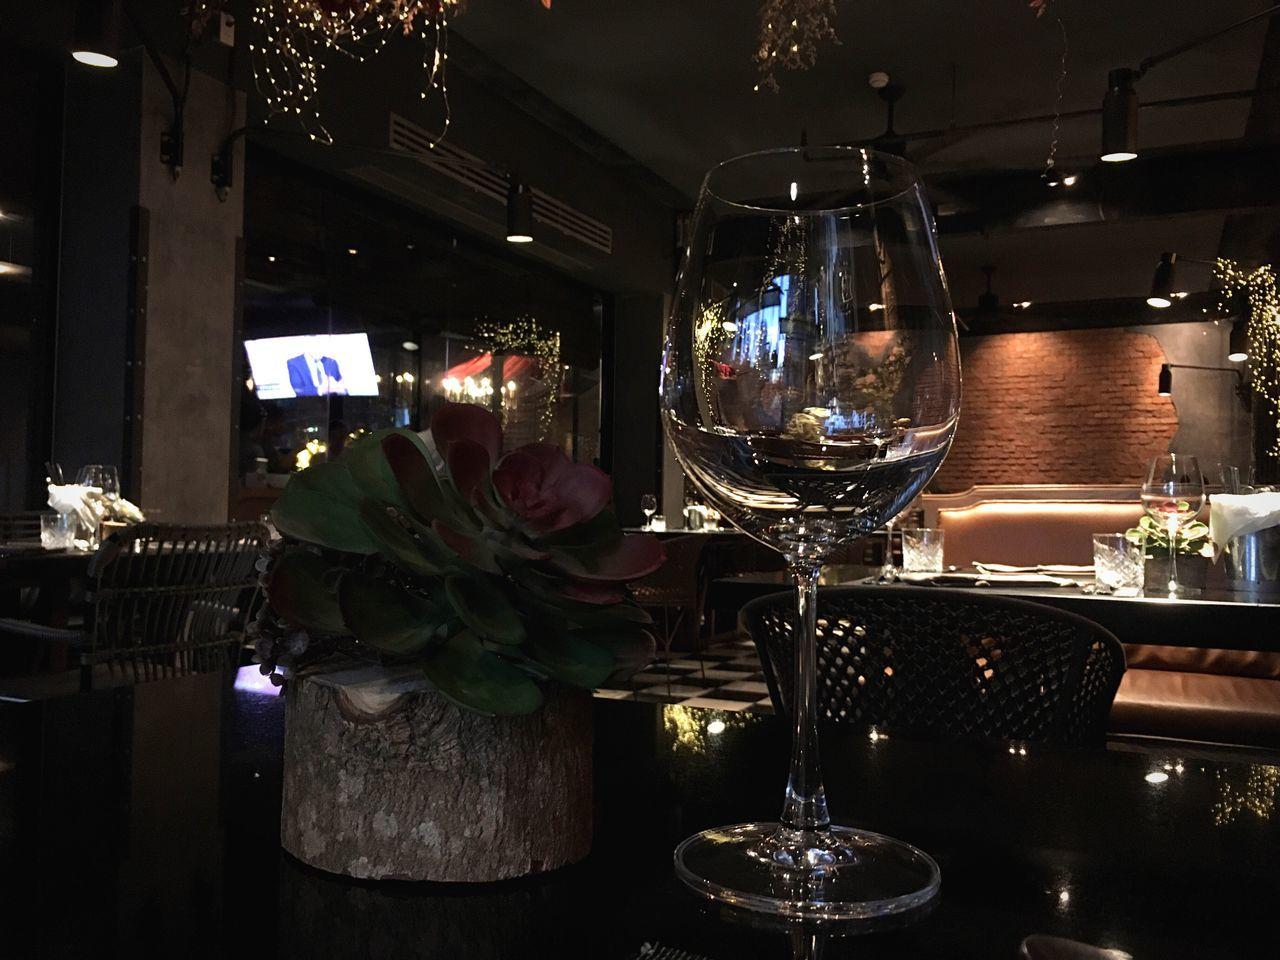 Flower Indoors  Table Arrangement Bouquet Night Illuminated No People Freshness Wineglass Hanging Food
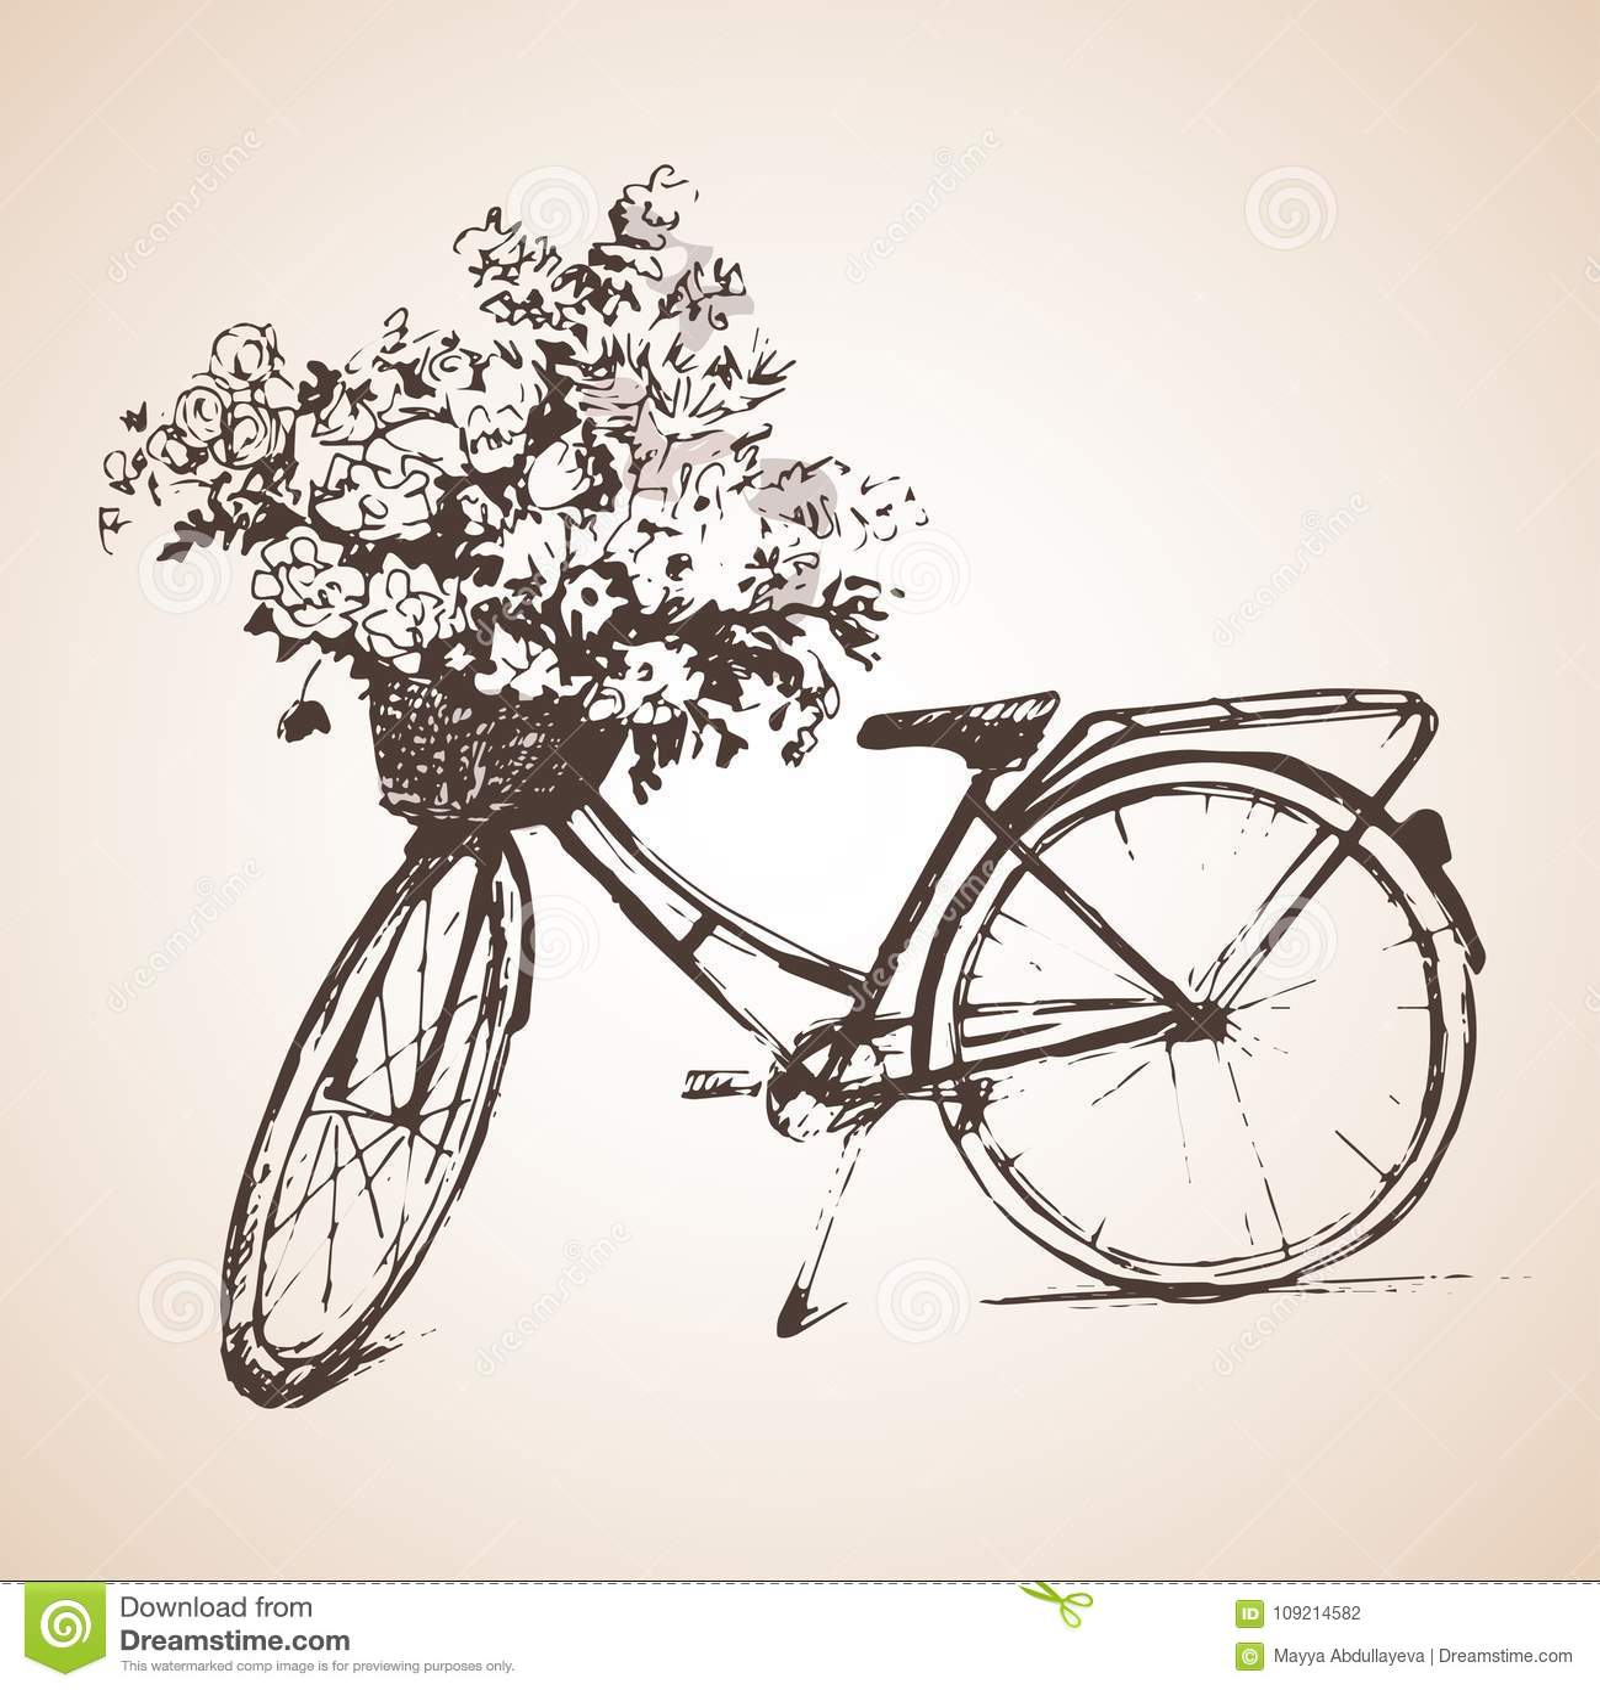 Bike with big bunch of flowers. Sketch.
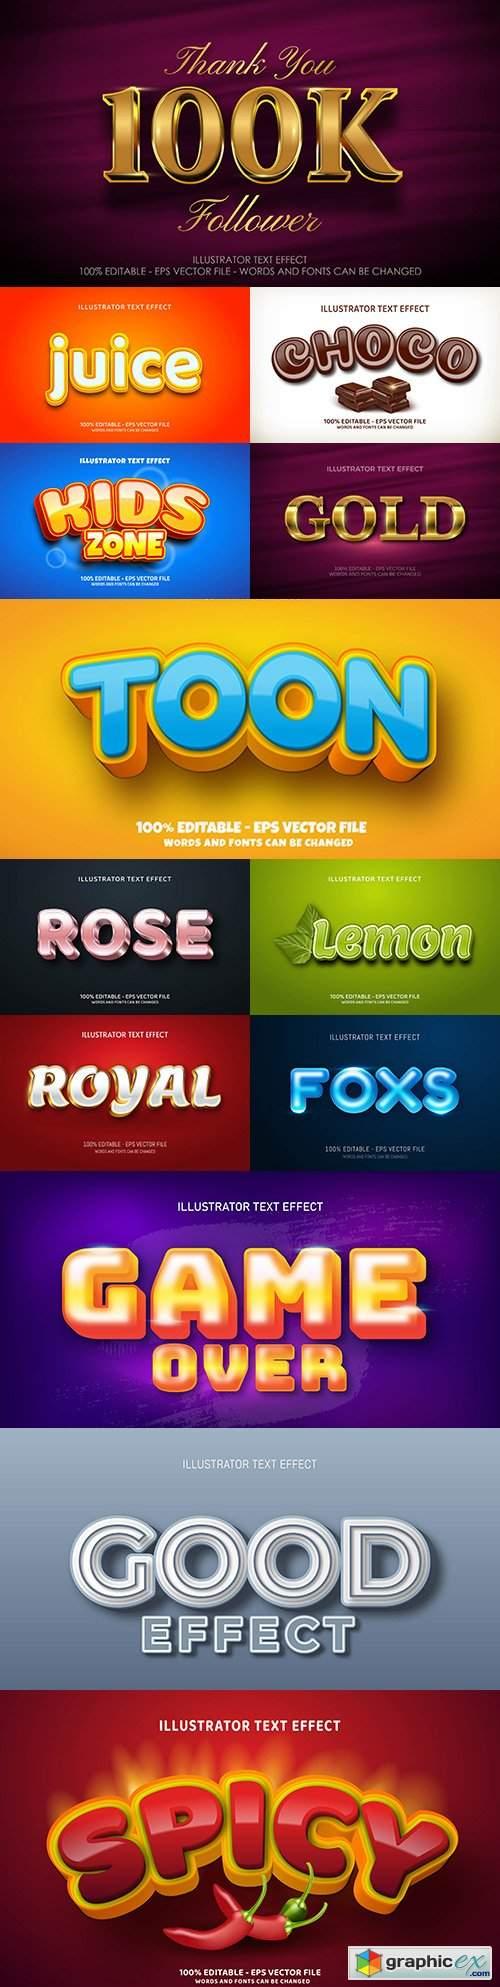 Editable font effect text collection illustration design 159

- _Task details_: Here the lines from the one with "Bike with big bunch of flowers. Sketch." through the last line of the data above need to be repeated exactly, both included, and any picture omitted.

- _Response area_:
 Bike with big bunch of flowers. Sketch.
 Editable font effect text collection illustration design 159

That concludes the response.